Stay Hydrated and Eat a Variety of Nutritious Foods
Hydration plays a key role in health as well as performance. Weather conditions, training duration and training intensity are just a few factors that influence the amount of water the body uses while exercising. Hydrating properly and replacing fluids lost during exercise can help reduce the risk of heat illness and help maintain important body functions during exercise and recovery. To begin an exercise session hydrated, The National Athletic Trainers’ Association recommends consuming 17-20 fluid ounces of water or sports drink 2-3 hours before exercise and 7-10 additional ounces 10-20 minutes before exercise. A general guideline for fluid replacement during exercise is 7-10 fluid ounces every 10-20 minutes. Drinking water after exercise helps restore hydration and replenish the body. To encourage intake of a well- rounded diet, eat a variety of fruits and vegetables of different colors and aim to include a fat, protein, and carbohydrates from nutrient dense sources such as whole grains, complete proteins and healthy oils.

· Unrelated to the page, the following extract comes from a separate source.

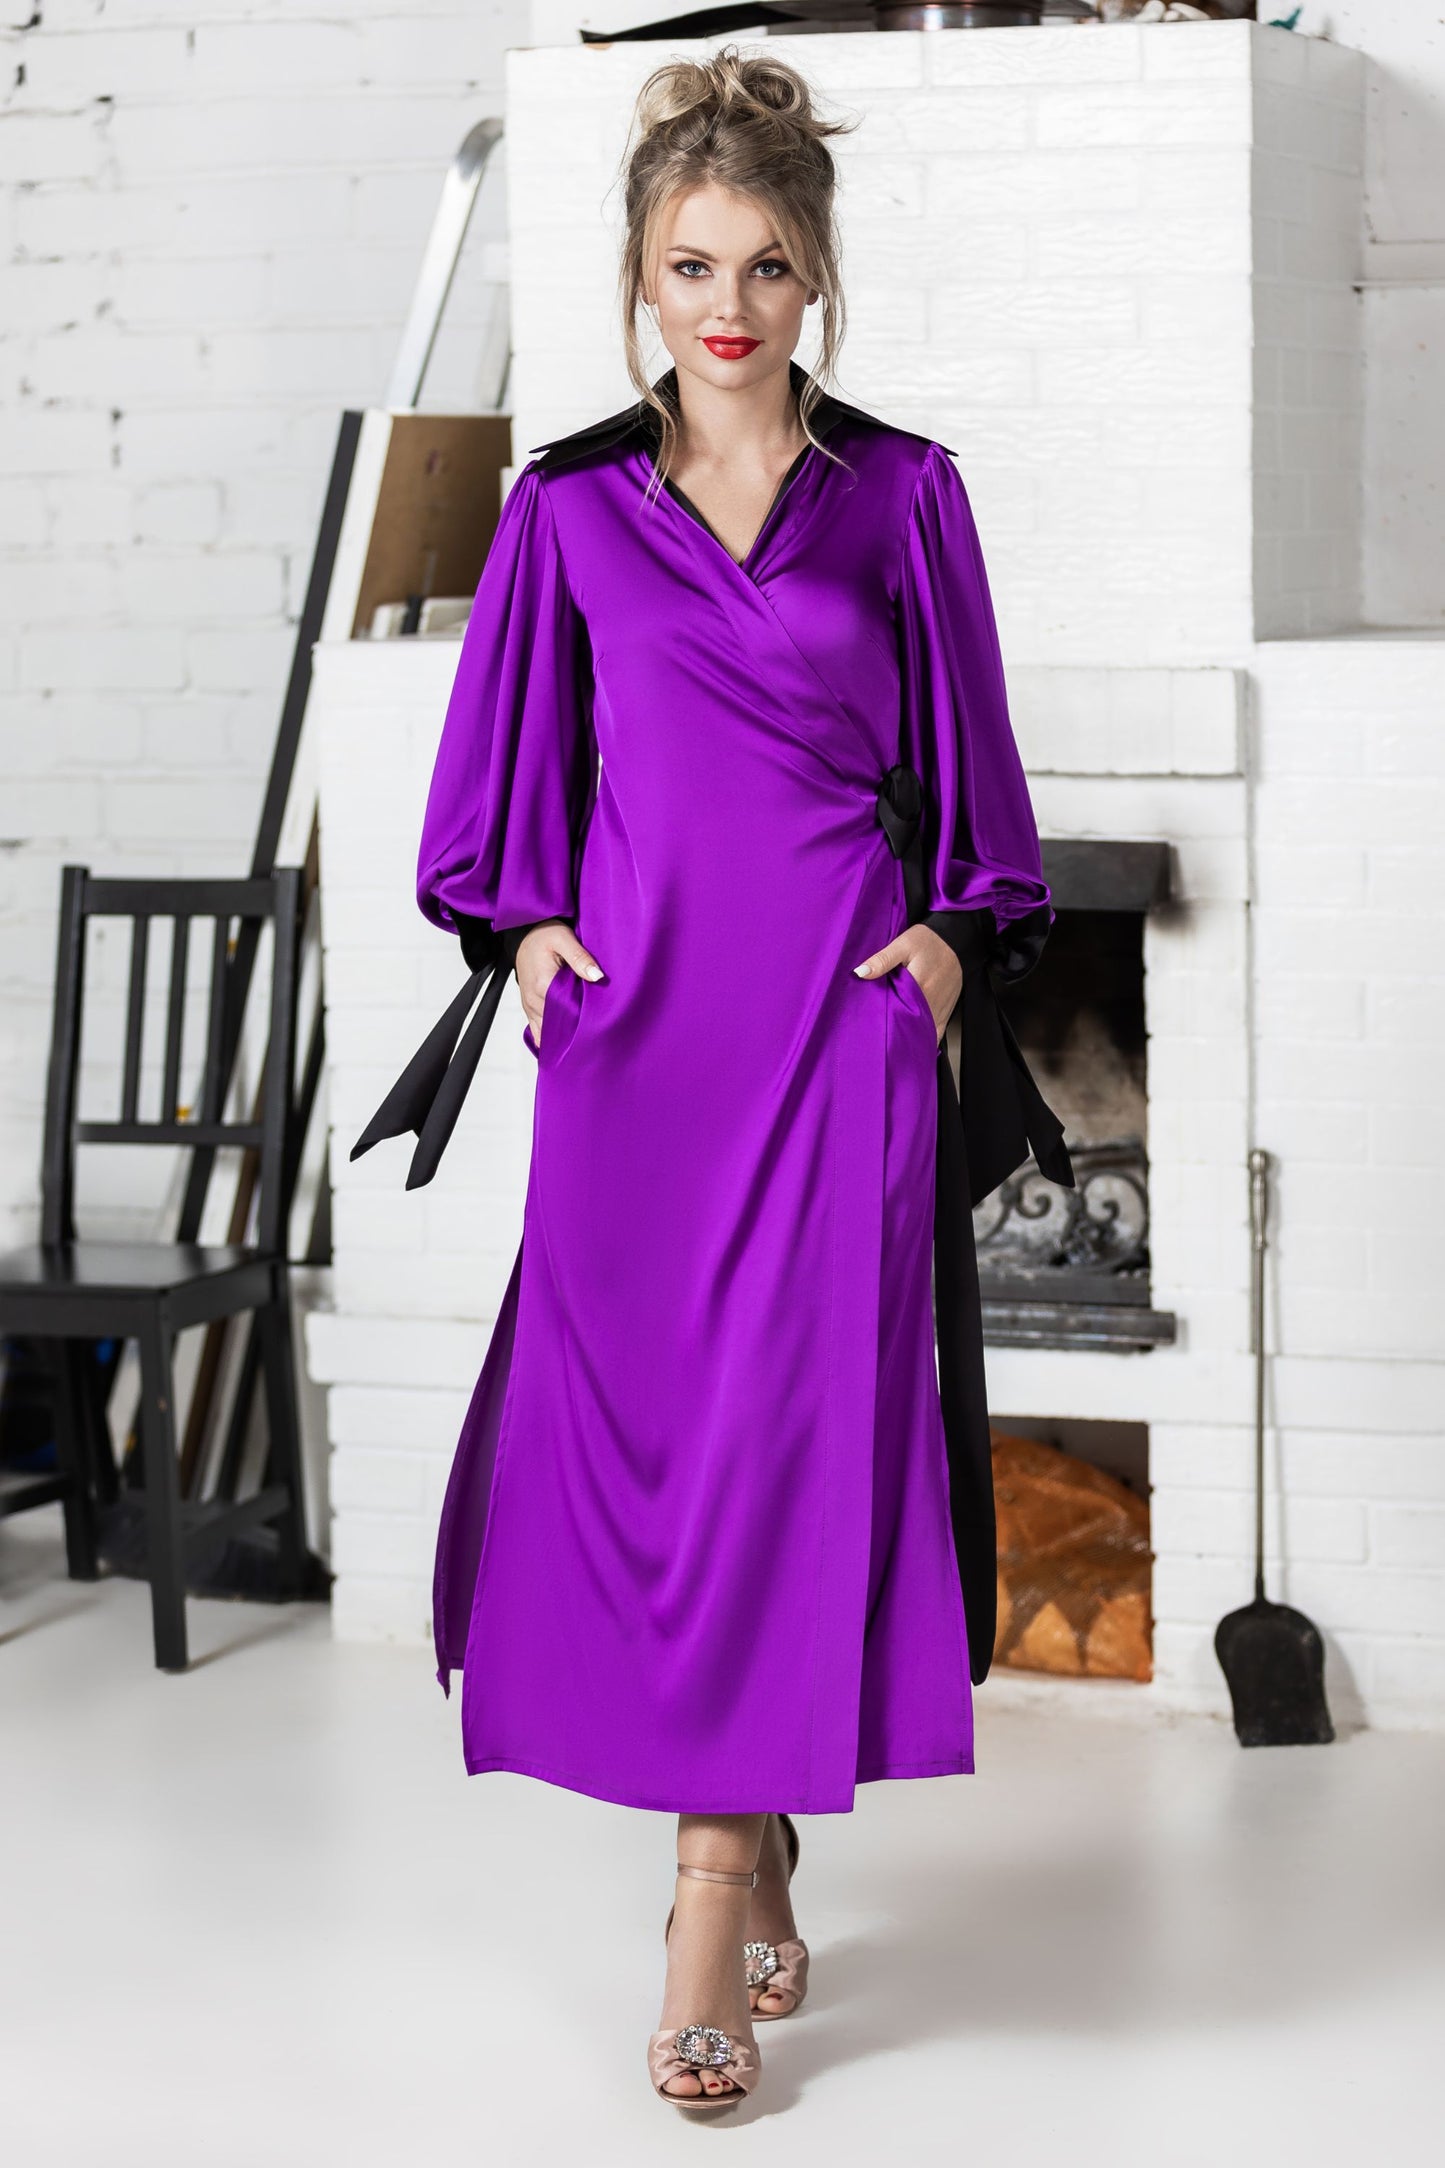 Kimono satin dress with pockets and contrasting color details

Stretch With Your Warm-Up and Cool-Down
It is important to prepare the body and muscles to exercise using a warm-up, and then help them recover afterwards with a cool down. Stretching during the warm-up and cool down is important to prevent injury. Dynamic stretching, which consists of moving the joints through a full range of motion, is especially good for the warm-up and cool-down. A foam roller, which is a foam cylinder used to “roll” the muscles, helps to massage the muscles to loosen any tight spots. These stretching and mobility techniques, and other examples can be found on the internet.
Rest and Form Good Sleep Habits
Rest includes getting your 7-9 hours of sleep each night. Sleep is vital for your health, energy, metabolism and mood. Sleep habits can start anywhere; finding what works best for you to wind down at night and catch the best Zs. Factors interrupting your sleep could be light, sound, air, your mattress and bedding: 1) Light. As evening rolls in, our body naturally produces melatonin. Keeping it bright in your home or bedroom causes the brain to stay more alert and can cause problems with falling asleep. 2) Sound. If you have a partner that snores or maybe the room is just too quiet, finding a background noise may help you fall asleep. 3) Air. According to the National Sleep Foundation, the ideal temperature for sleep is 60 to 70° with about 50% humidity. 4) Mattress. Replacing your mattress, every 7-10 years is recommended. Since mattresses lose their support, and we spend so much time on them, it’s important to have the right support and comfort. 5) Bedding. It’s important your bedding is clean and comfortable.
Manage Stress and Mental Health
Managing your stress and mental health are key components in training. Focus on the things that can be controlled. Create a routine. Routines and daily schedules can help reduce anxiety. That way you know exactly what you will be doing each day. Getting outside and enjoying fresh air is a great way to manage stress. Taking a step back and appreciating the things around you can refuel your mind. Know that you have resources that can help you along the way. Access to the internet is extremely helpful in identifying who and where you can get help or support from. Use it to your advantage.
Listen to Your Body!
Training properly, hydrating, eating a balanced diet, wearing the right shoes and equipment, giving yourself REST DAYS and proper warm-up/cool-down are all great ways to stay healthy while exercising. Nothing replaces the ability to listen to your body. Muscle soreness can come with any athletic activity but it’s okay to take rest or take a day off when needed. Injuries happen even with proper training and preparation.